The Flywheel Metaphor
The Hedgehog Concept
The School Bus Metephor (right people on the bus, right people in the right seats, then steer the bus in the right direction)

There you go, master these concepts and you’ll have a startup MBA in the eyes of the VCs. Good luck.

Comments

5 Responses to “Must Learn Concepts for Entrepreneurs from Business Books”

  1. Bob Houghton on July 24th, 2008 11:16 am

    Those books appear great for those already engaged, I’m I right on that? What do like for those that have yet to commit to an entrepreneurship event? Nearly all that I work with don’t know enough about it to understand the concept or how to proceed to step one.

  2. Bob Houghton on July 24th, 2008 11:23 am

    I think of information as stacked like a pyramid by degrees of stored intelligence, the top level being brains, then book shelves, then the Net’s hard drives. When needing to work most efficiently under pressure, a top down strategy works best, and if the brains available are good enough, there can be little need to seek the depths of the other layers of information in getting things underway. Eventually though, complexity grows and all layers grow in value.

  3. aaron on July 27th, 2008 6:47 pm

    For a first time entrepreneur I would recommend a book you actually gave to me years ago, my first business book and the first text I ever read that mentioned the concept of entrepreneurship: “The eMyth” (now with the extended title “The eMyth Revisted” for the second edition).
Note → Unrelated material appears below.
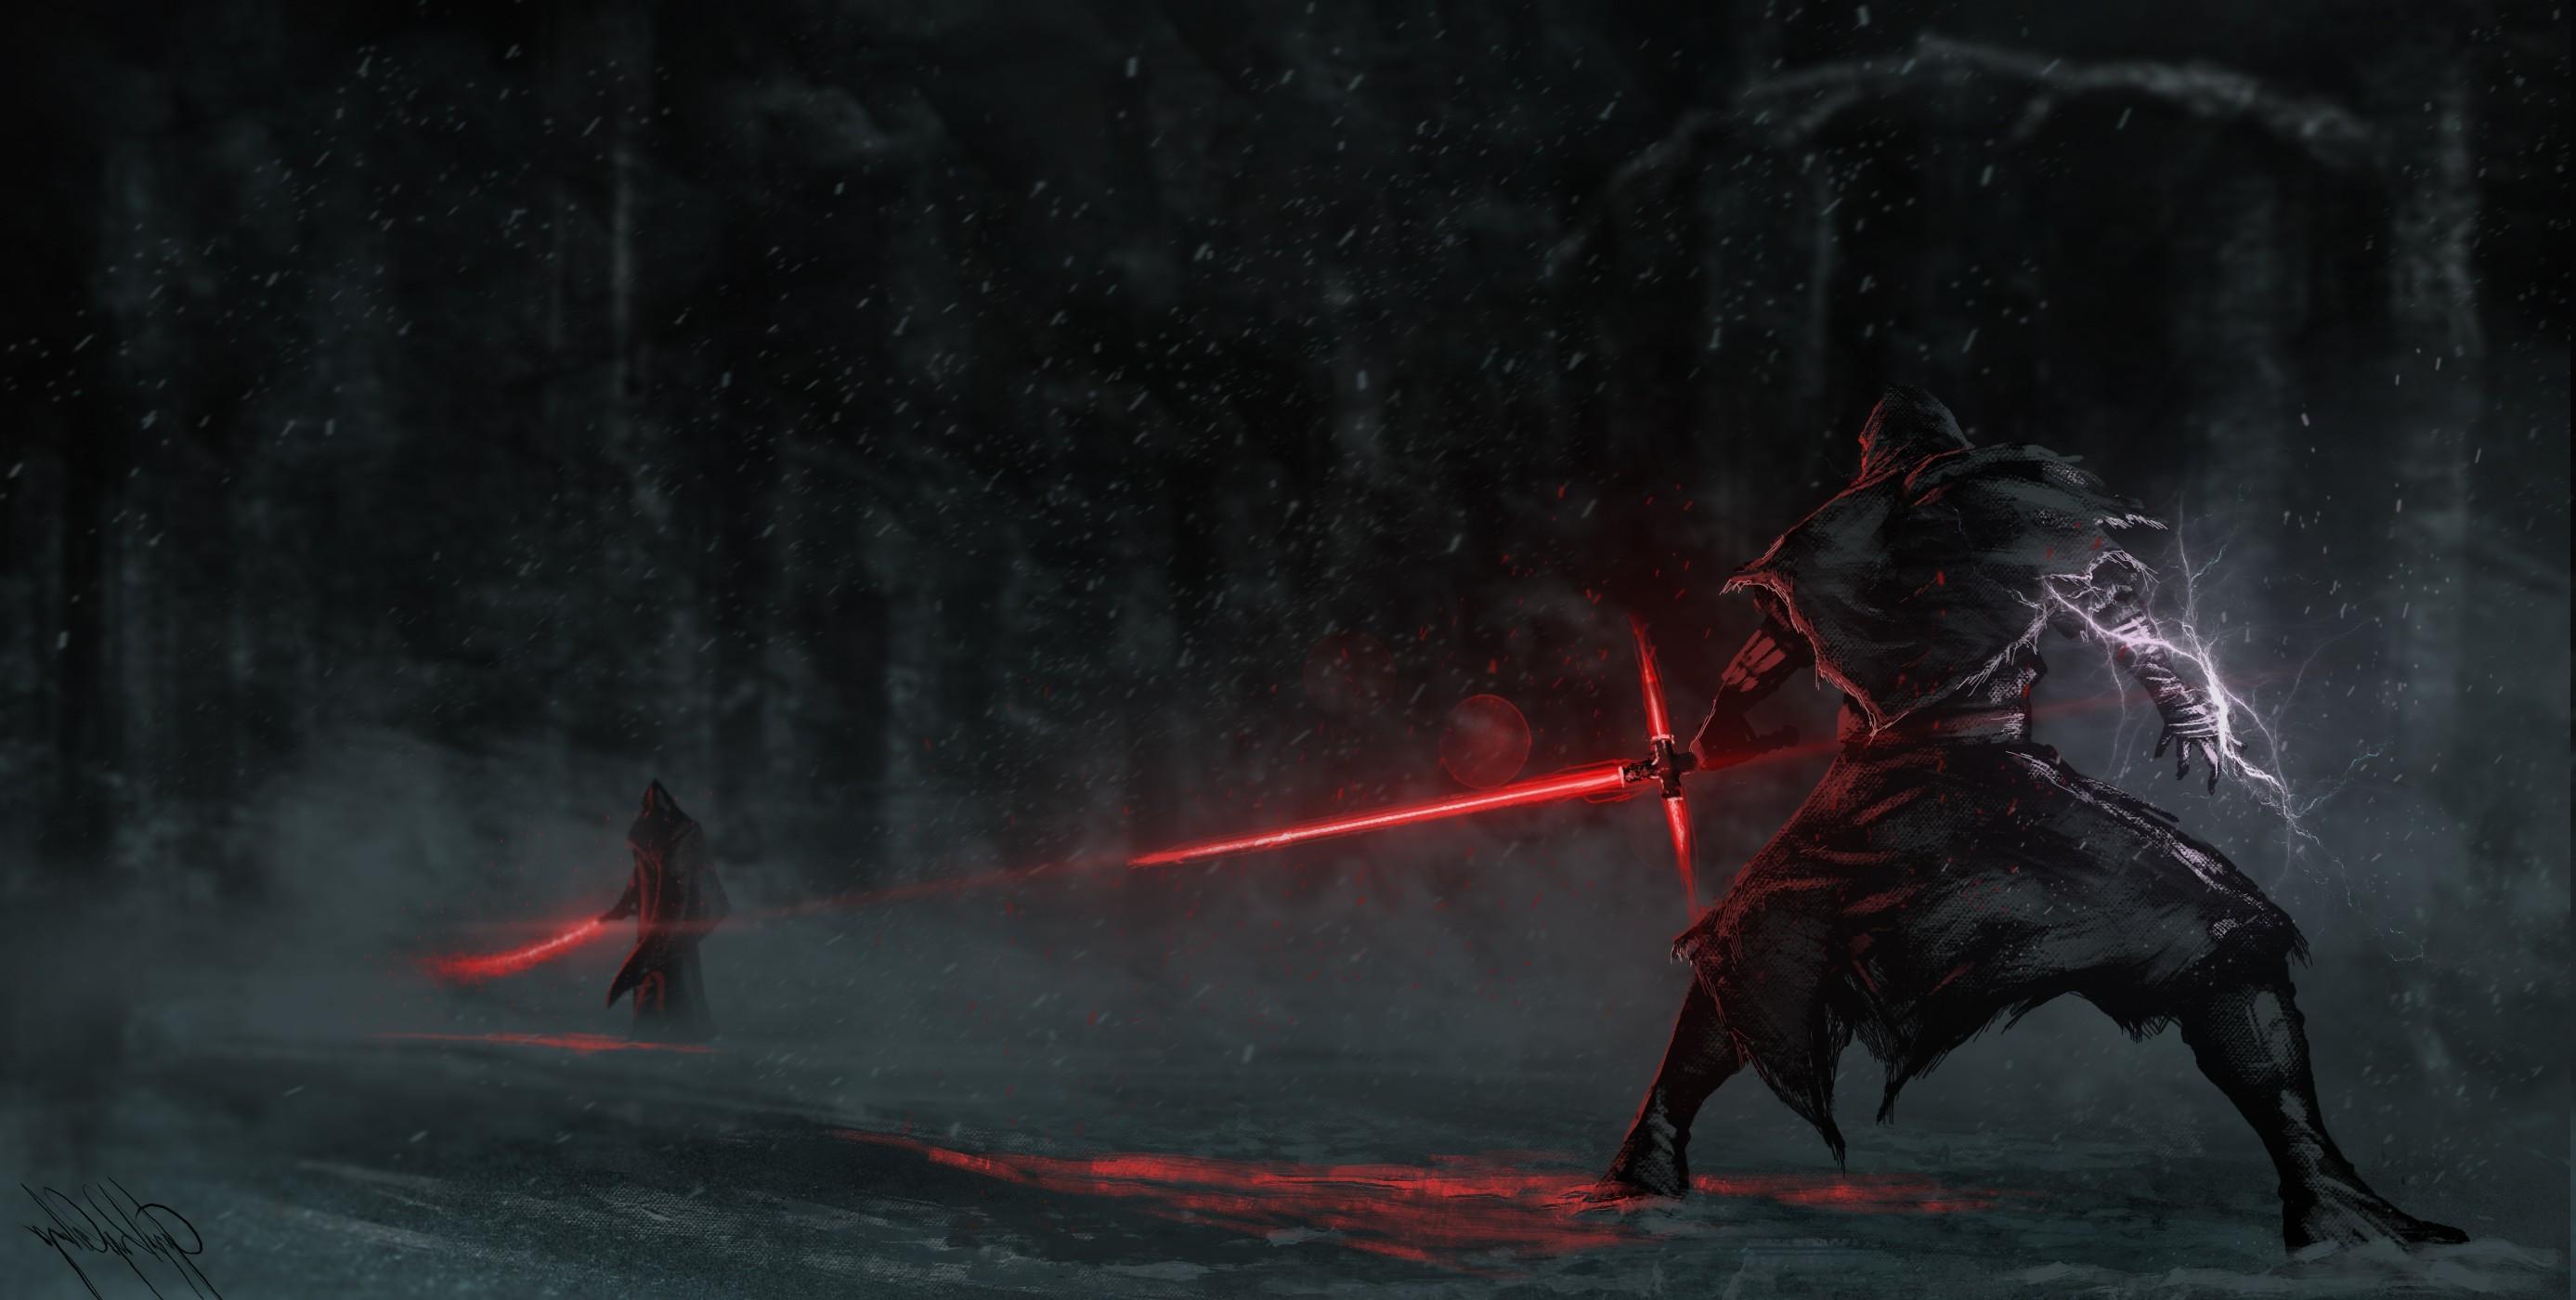 Star Wars: Episode VII The Force Awakens, Tsaber, Red, Artwork, Skyrace,  Sword, Star Wars Wallpapers HD / Desktop and Mobile Backgrounds

    As a disclaimer, I’ve actually never read the entire book, I have read the first half of the book where Michael Gerber talks about the challenges of a first time entrepreneur but I’ve never read the second half about the solutions. This is no fault of Gerber or his book but has more to do with the length of flights I was taking around the time I started to dive in.

    From what I have now read three times in the first half of the book and what I know about the second half of the book from many discussions about the it with other entrepreneurs I do believe that he’s right on. In my own businesses I’ve experienced many of the challenges he describes and the solutions he outlines regarding process and measurement and standards are absolutely critical to starting and growing a business from an idea into an operation.

    Although, this book is more applicable to businesses that plan to hire skilled employees sooner rather than later. A web app company that might run with their founder team only for a long time wouldn’t necessarily need the wisdoms of this book as much until they got to an expansion stage and began hiring a team underneath them.

    For companies that will spend most of their time in the early days dealing with how and when to bring a new product to market and how to tailor it to a receptive audience (especially a disruptive technology that will require people to change the way they currently do things in order to use it) I still strongly recommend “Crossing the Chasm.” I have read this book in its entirety and other than being a bit too in-depth and long winded at times it has a great point that’s important to understand.

    This book does get a bit intellectual in parts but the ideas are relevant to crafting ideas into products and services for which real addressable markets exist now. Doing this right will probably mean more revenue sooner and a greater chance at nailing a widespread expansion further down the road.

  4. Bob Houghton on July 27th, 2008 9:12 pm

    Michael Gerber did his last update to eMyth Revisited, 3rd edition in 1994. In gathering that little factoid from Amazon.com I see that he has a new one out in hard cover as of last month, June 2008, , Awakening the Entrepreneur Within: How Ordinary People Can Create Extraordinary Companies. First two posted reviews clobbered it. Great title, but apparently doesn’t deliver. Looks like the market is still open for someone during some current thinking on this topic.

  5. Bob Houghton on July 27th, 2008 9:20 pm

    Looks like you can summarize the read of his latest book at his blog site in a few paragraphs.
    http://awakeningtheentrepreneur.com/blog/

    Gets back to your comment about the inflated nature of promoting a “good idea”. There is a very skinny little volume on writing called Elements of Style, an author who understood the thinking about saying what needs to be said and no more.